Real Inflation and Government Inflation

Real Inflation and Government Inflation

Real Inflation and Government Inflation, Financial Definitions, Information Resources for Seniors

Most people are not aware real inflation and government inflation rate percentages differ. They feel it in their gut but fall short when articulating what they instinctively know.

A thinking person would read the headline and ask themselves what is the difference between real inflation and government inflation. Smart thing to do by the way.

A smart question not only deserves an honest answer, it will get one too. There is a difference and the gap is huge in almost every measurable category.

By the way, this isn’t an article on zeroing in on how the government computes inflation. You can research that for yourself in any number of expose type articles offered up by Google.

This article tells you what your real inflation probably was, is and will be.

Why was, is and will be” you ask?

Because you’ve been lied to ever since the government began publishing the so called inflation rate. Subsequently, you’ll be lied to as long as they continue to publish an inflation rate.

“Why would they lie?”, I hear you ask.

Simple. They have certain obligations tied to the rate of inflation. Social security checks for example. And, no, this article is not anti Social Security.

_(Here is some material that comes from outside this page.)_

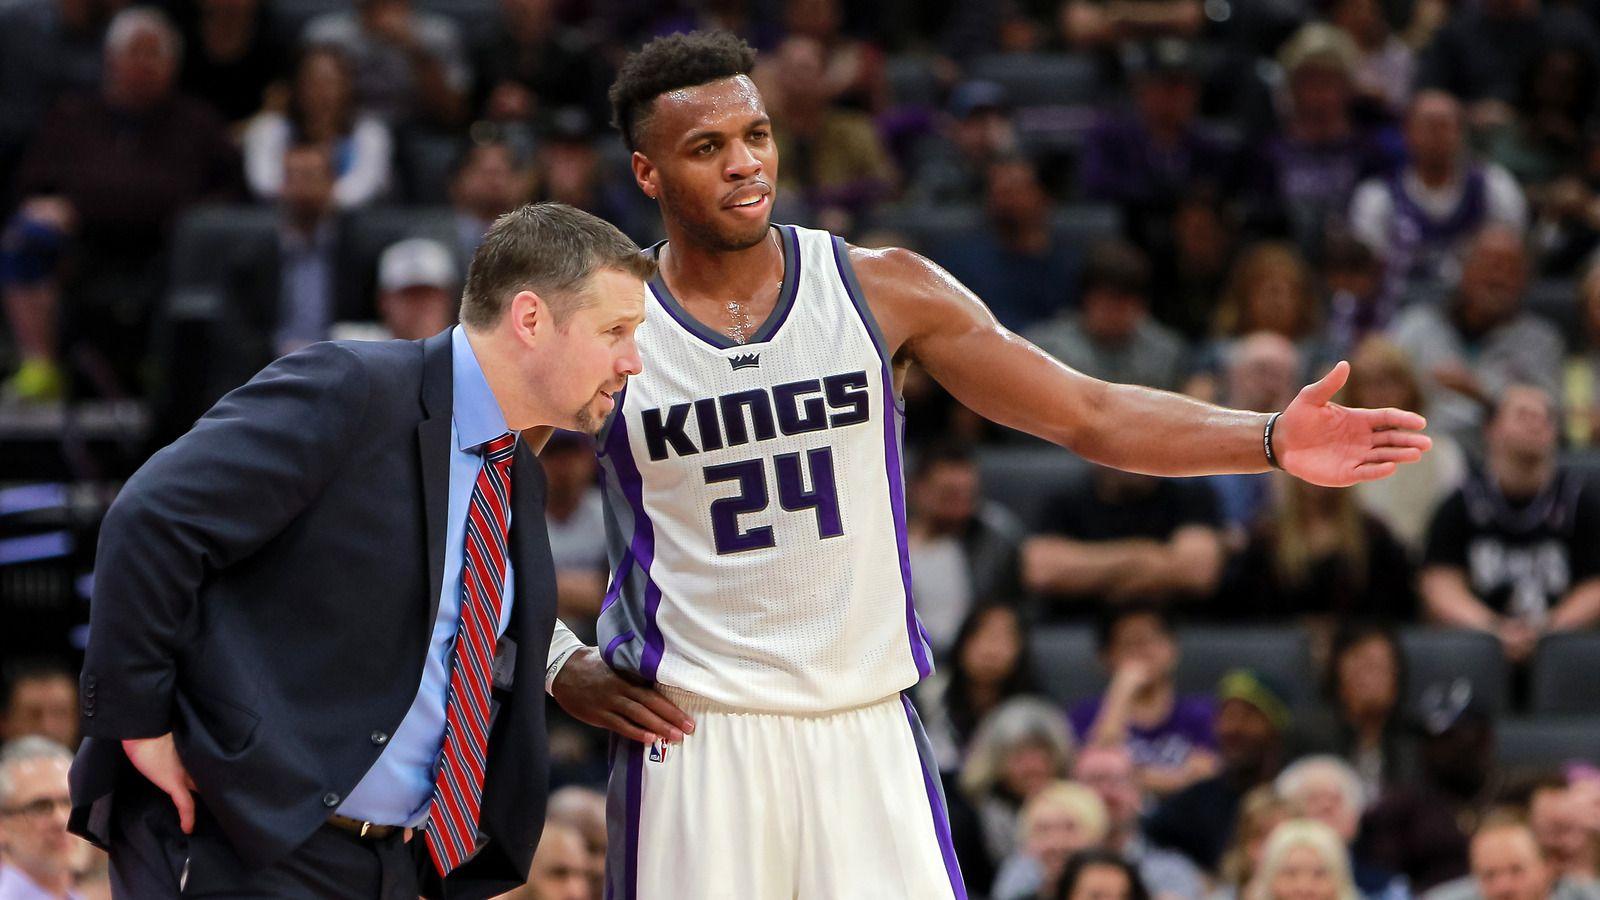 Buddy Hield breaks from Kings owner: 'I'm not Steph Curry

You know that pot of gold (yes, I’m being facetious) that lands in your bank account on the first, second or third Wednesday of the month. The raises, if any, are tied to the inflation rate.

The raises have been between zero and two percent over the last 10 years. Imagine if the government had to pay the real rate.

Say the real inflation and not government inflation rate was eight percent. Your check would have gone up by eight percent and not the one percent you received.

This of course means that pot of gold called the social security fund would be in danger of going absolutely bottoms up. Oops, no more money would mean no more checks.

No more checks would mean our Washington politicians would be in grave, physical danger. They don’t like being in harm’s way. Of course they could cook the books.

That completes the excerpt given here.